When you choose to create a
striped volume, you are creating a new volume that combines free space
from 2 to 32 drives into a single logical partition. The free space on
all drives must be equal in size. Data in the striped volume is written
across all drives in 64 KB stripes. (Data in spanned and extended
volumes is written sequentially.)
Striped volumes are RAID-0
because striped volumes do not offer any type of redundancy. Striped
volumes offer you better performance and are normally used for temporary
files or folders.

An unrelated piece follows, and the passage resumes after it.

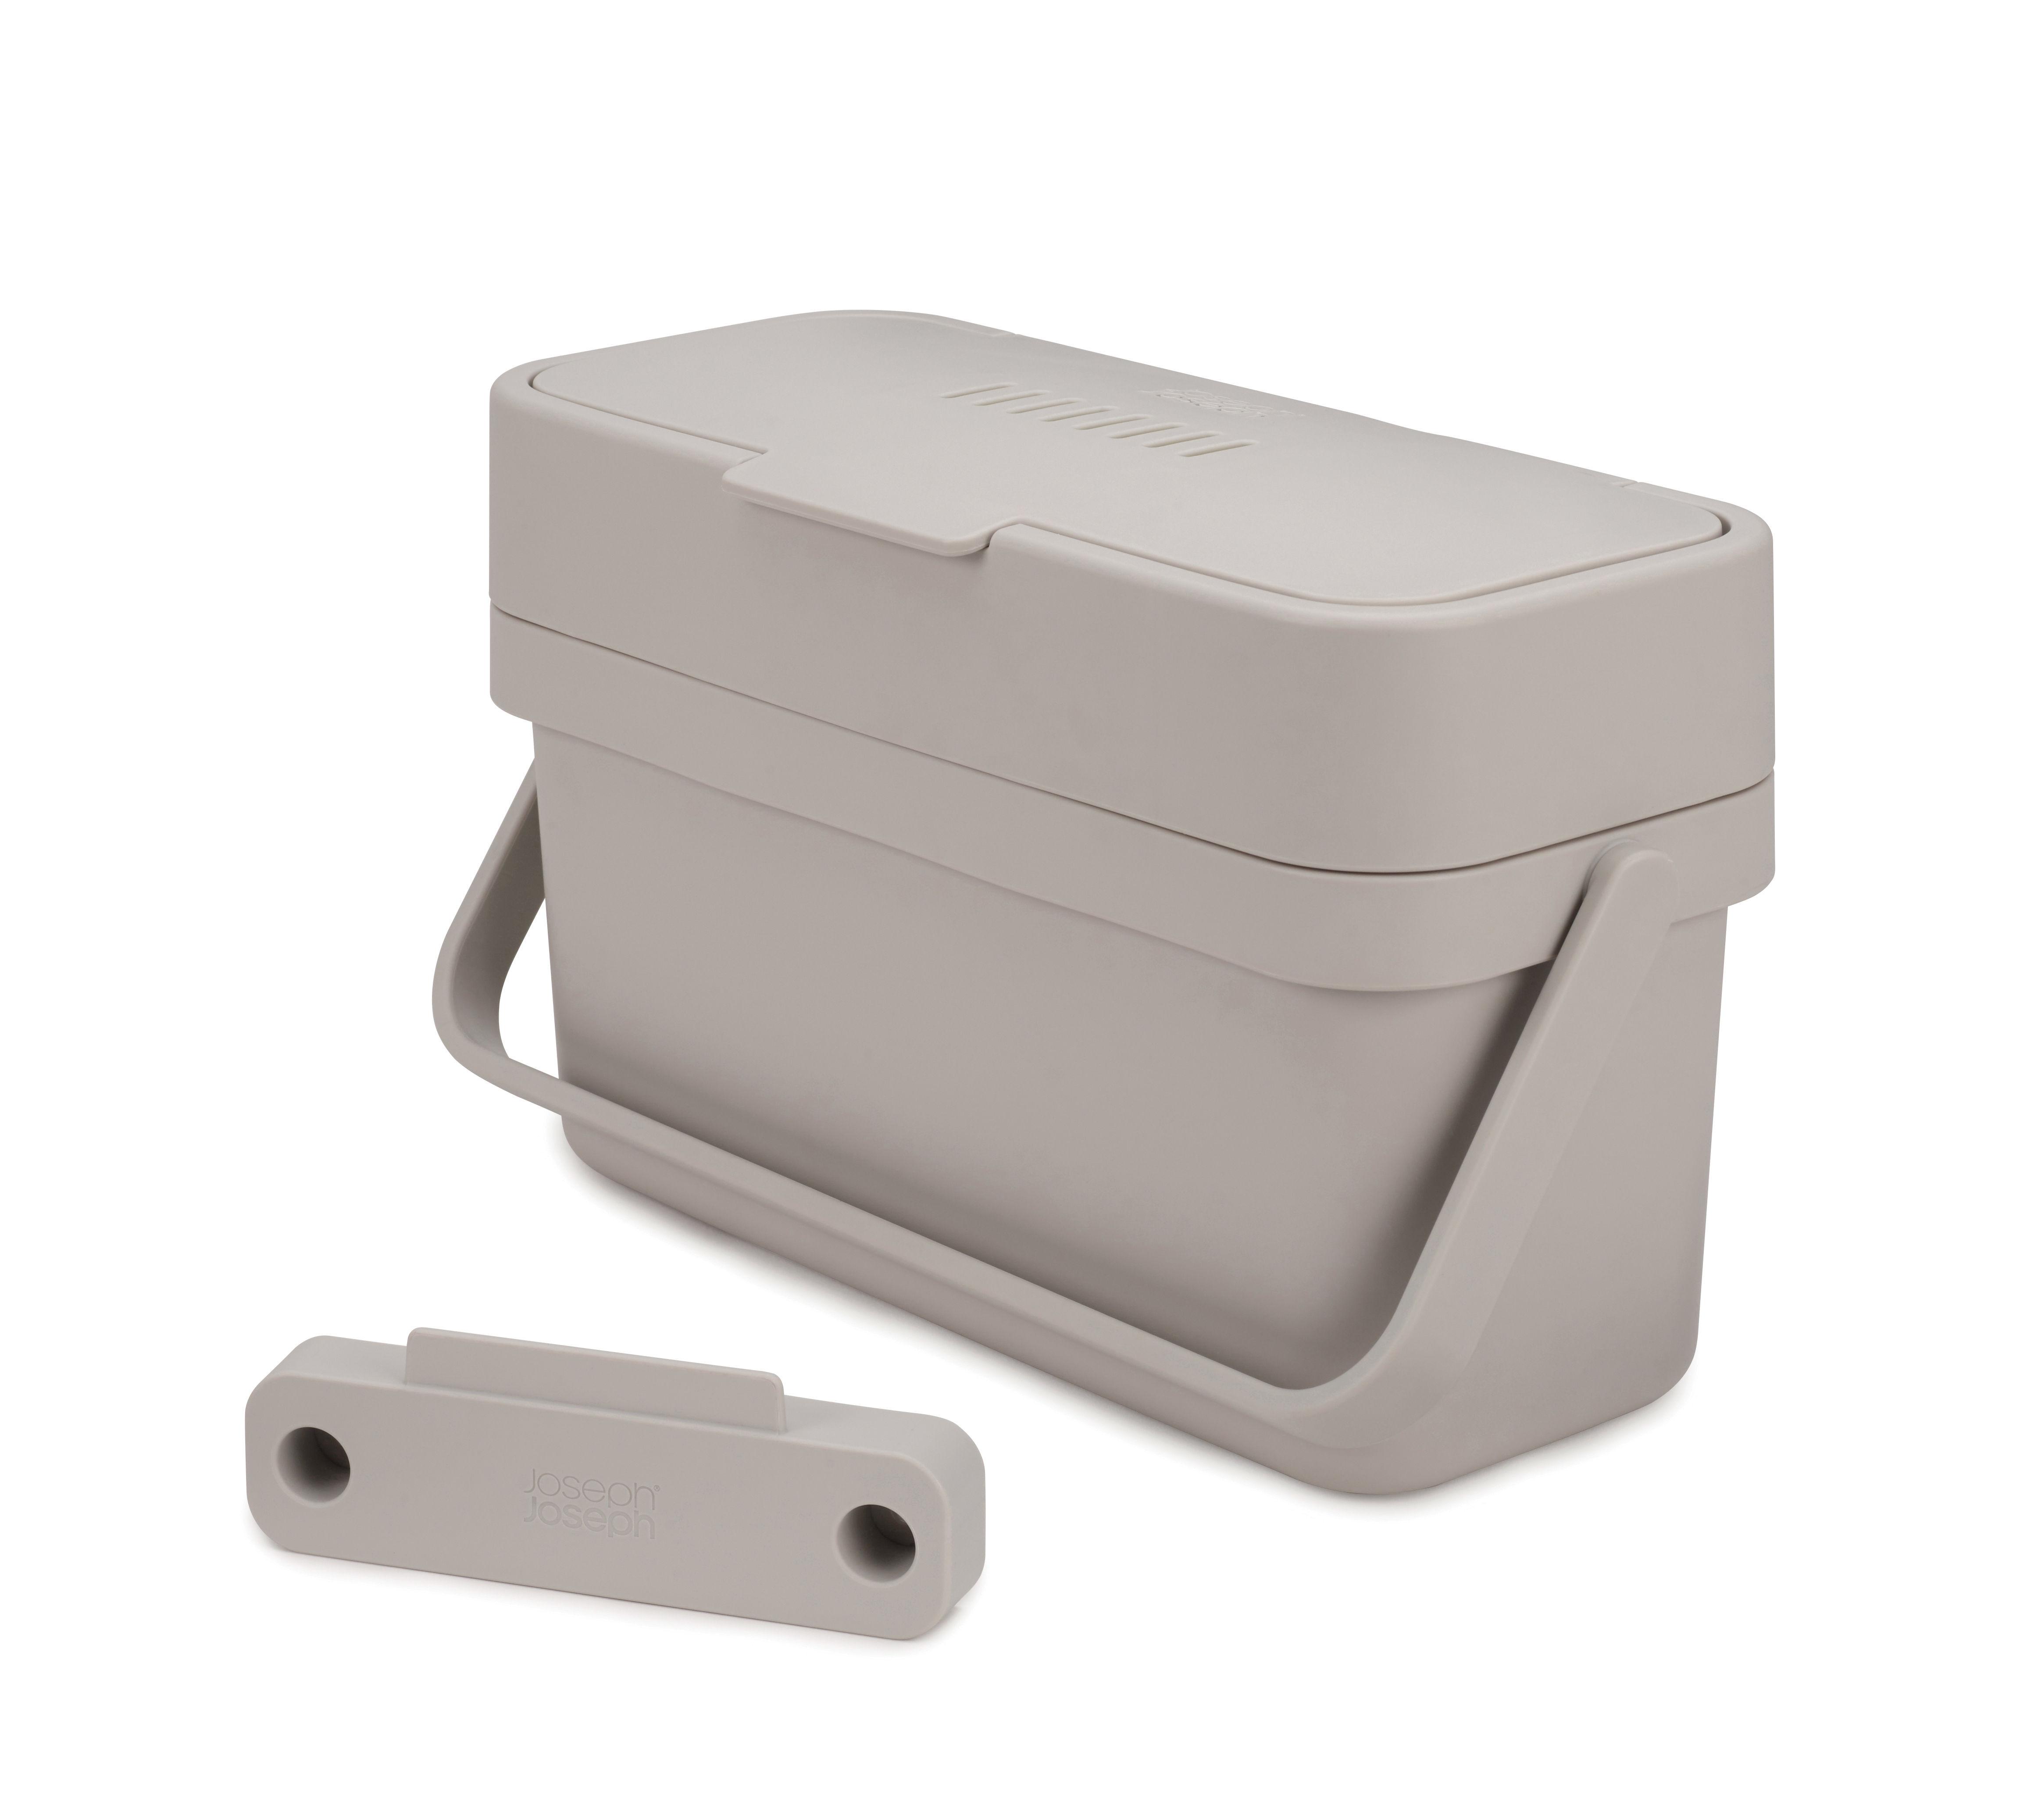 Cuisine - Poubelles de cuisine - Bac à déchets organiques Compo / 4 L - Fixation porte - Joseph Joseph - Blanc - Matière plastique
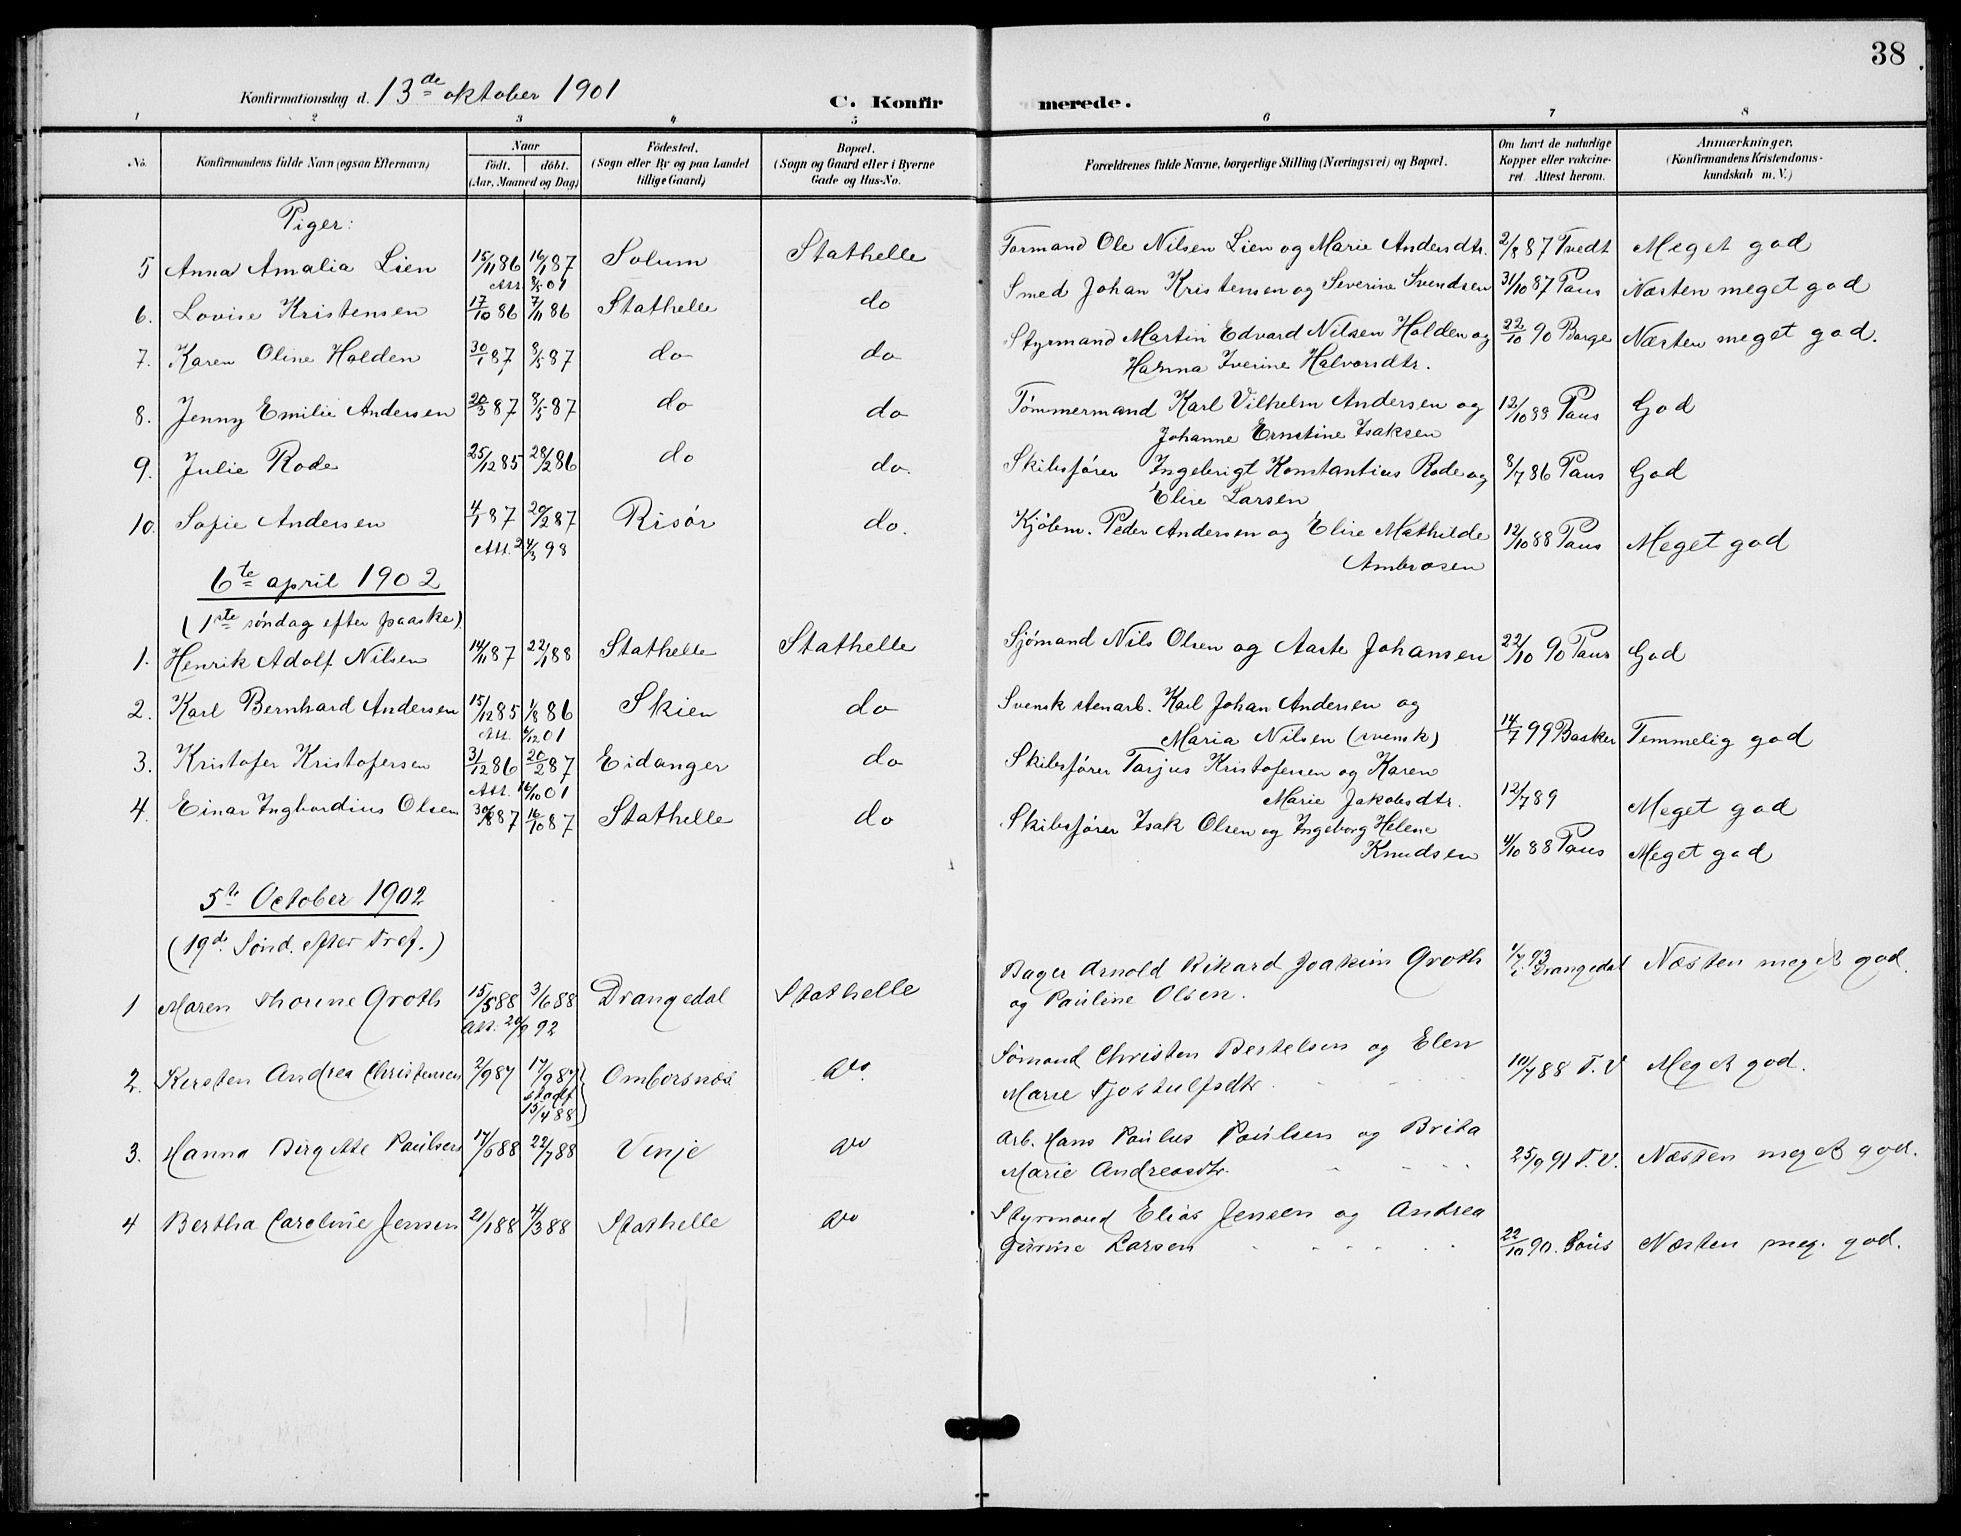 SAKO, Bamble kirkebøker, G/Gb/L0002: Klokkerbok nr. II 2, 1900-1925, s. 38

The problem with a striped volume is if you lose one
of the drives in the volume, the entire striped volume is lost.
Another option that you have
with volumes is extending the volumes to create a larger storage area.
In the next section we will look at extending volumes.
2. Creating Extended Volumes
When you create an extended
volume, you are taking a single, simple volume (maybe one that is
almost out of disk space) and adding more disk space to it, using free
space that exists on the same physical hard drive. When the volume is
extended, it is seen as a single drive letter. To extend a volume, the
simple volume must be formatted as NTFS. You cannot extend a system or
boot partition.
An extended volume assumes
that you are using only one physical drive. A spanned volume assumes
that you are using two or more physical drives. Exercise 1 shows you how to create an extended volume.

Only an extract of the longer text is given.